Ranald had not hesitated to touch her, had
seemed to delight in it. Her body flushed, remembering. Moridac had
not savored each touch like his brother had but had lingered only
long enough to prepare her for him. Soon as he attained his
release, he had moved away. She remembered wanting something more,
but not knowing what it was.

She knew now.

Ranald had pleasured her until all strength
had drained from her, so tumultuous had been her release. Judging
from the fervor of his thrusts, his own explosive release, he had
enjoyed their joining as much as she.

If not for his tonsure, never would she have
believed he had lived as a monk. Her eyelids flew wide again. Could
he have remembered how to make bed-sport from when he was a young
man? Had he practiced? Mayhap he had not been celibate. Were there
women housed in the abbey? By chance, a comely cook? How could she
ask him?

“Go to sleep!”

Ranald had not thought a lass could startle
so much she would near fall off the bed. Catalin clutched the sheet
to her forehead and went so still he feared she had stopped
breathing.

In his mind’s eye, he could see his father
sleeping with a grin spread wide on his face. No doubt gleefully
anticipating telling one and all that the sheets had been snowflake
white. No stains of lovemaking. No telltale red proving the bride
had been untried. Knowing him, he would demand to see Ranald’s
arms, his legs, to spy evidence of a cut.

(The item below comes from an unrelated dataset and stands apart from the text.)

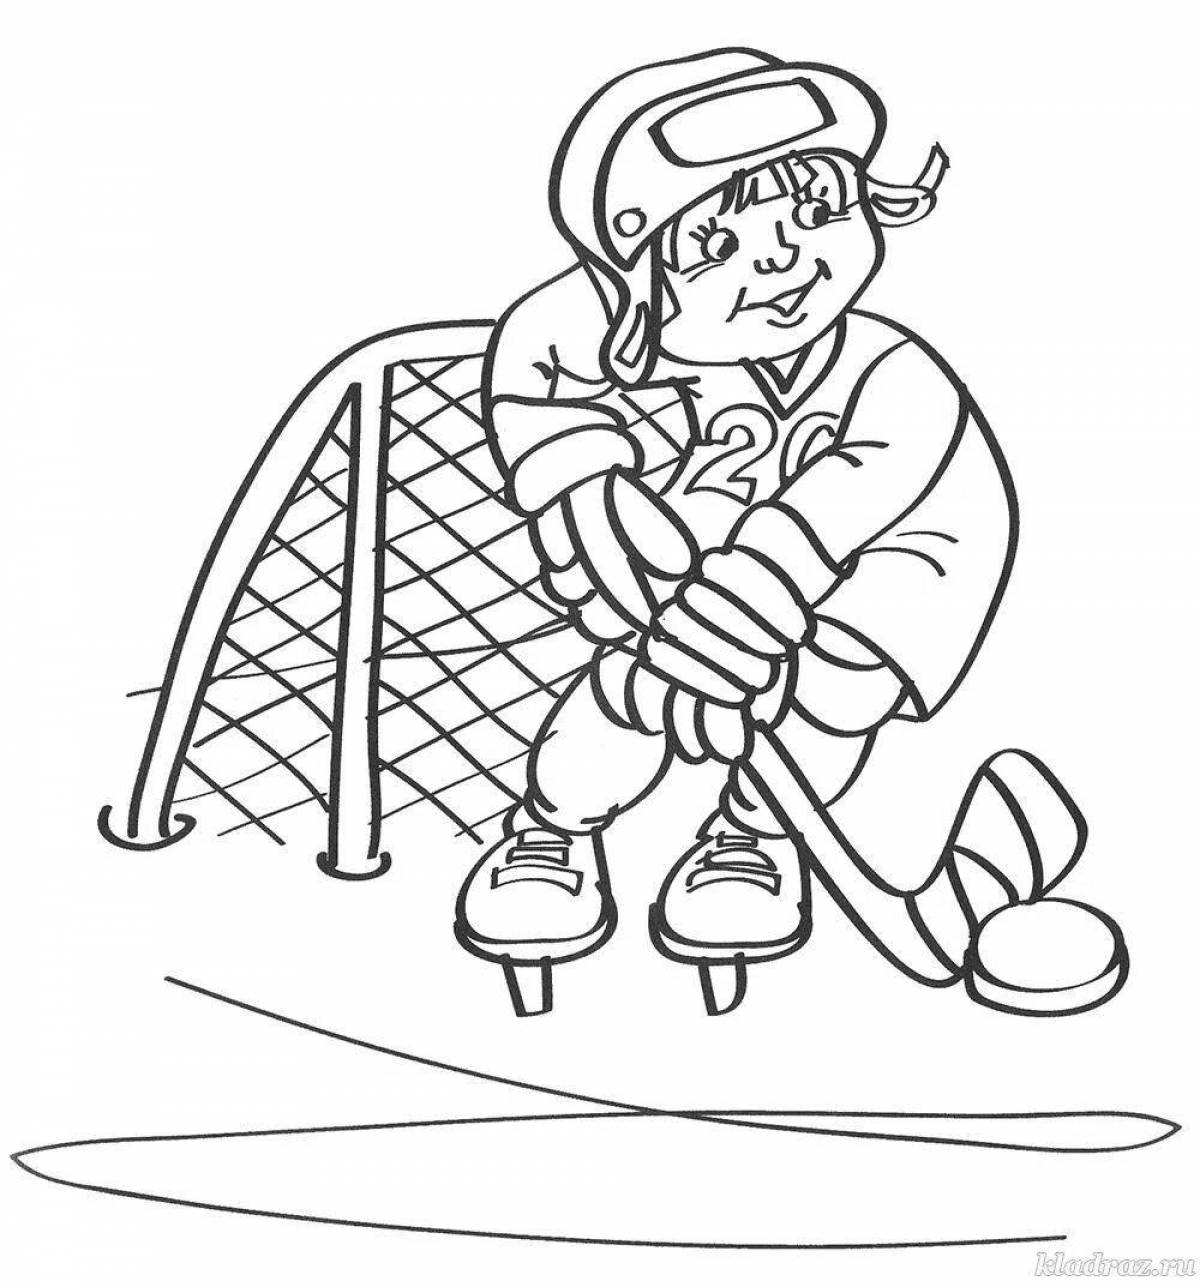 Great winter sports coloring book for kindergarten

He would wear naught but a kilt when he rose,
baring his arms. Would let the kilt ride up his thighs when he
mounted Satin’s Spawn. When he came into the bailey after a bout of
sword practice with Raik, he would strip and rinse at the well.
Naught would show that he was misleading them, for he had chosen
his areas well. For them to be visible, he would have to balance on
his head, his legs widespread to the sky.

Ah, to deceive Broccin! He burned knowing how
his father had deceived him. He had given no hint Moridac had
sampled his betrothed. His remark of the babe favoring his brother
was dafty, since they were identical twins—except for the unsightly
scars. Likely, Moridac had been the fool and bragged to his
sire.

He clutched the vial tight in his fist. Once
Catalin slept, he would conceal Hannah’s token at the bottom of his
scabbard. ‘Twas enough room there for the sword to share. While
with Raik, he would empty the vial, crush it and spread dirt over
it. An uneasy thought struck. Had Raik known? He would find out. If
he knew and had not warned him, he would pay for it.

Finally, the black sky gave way to the
faintest hint of gray. He eased from the bed, and it took him but a
blink in time to hide the vial. He padded over to the open window
and knelt, letting cold air flow over his naked body as he prayed
throughout what was left of the night.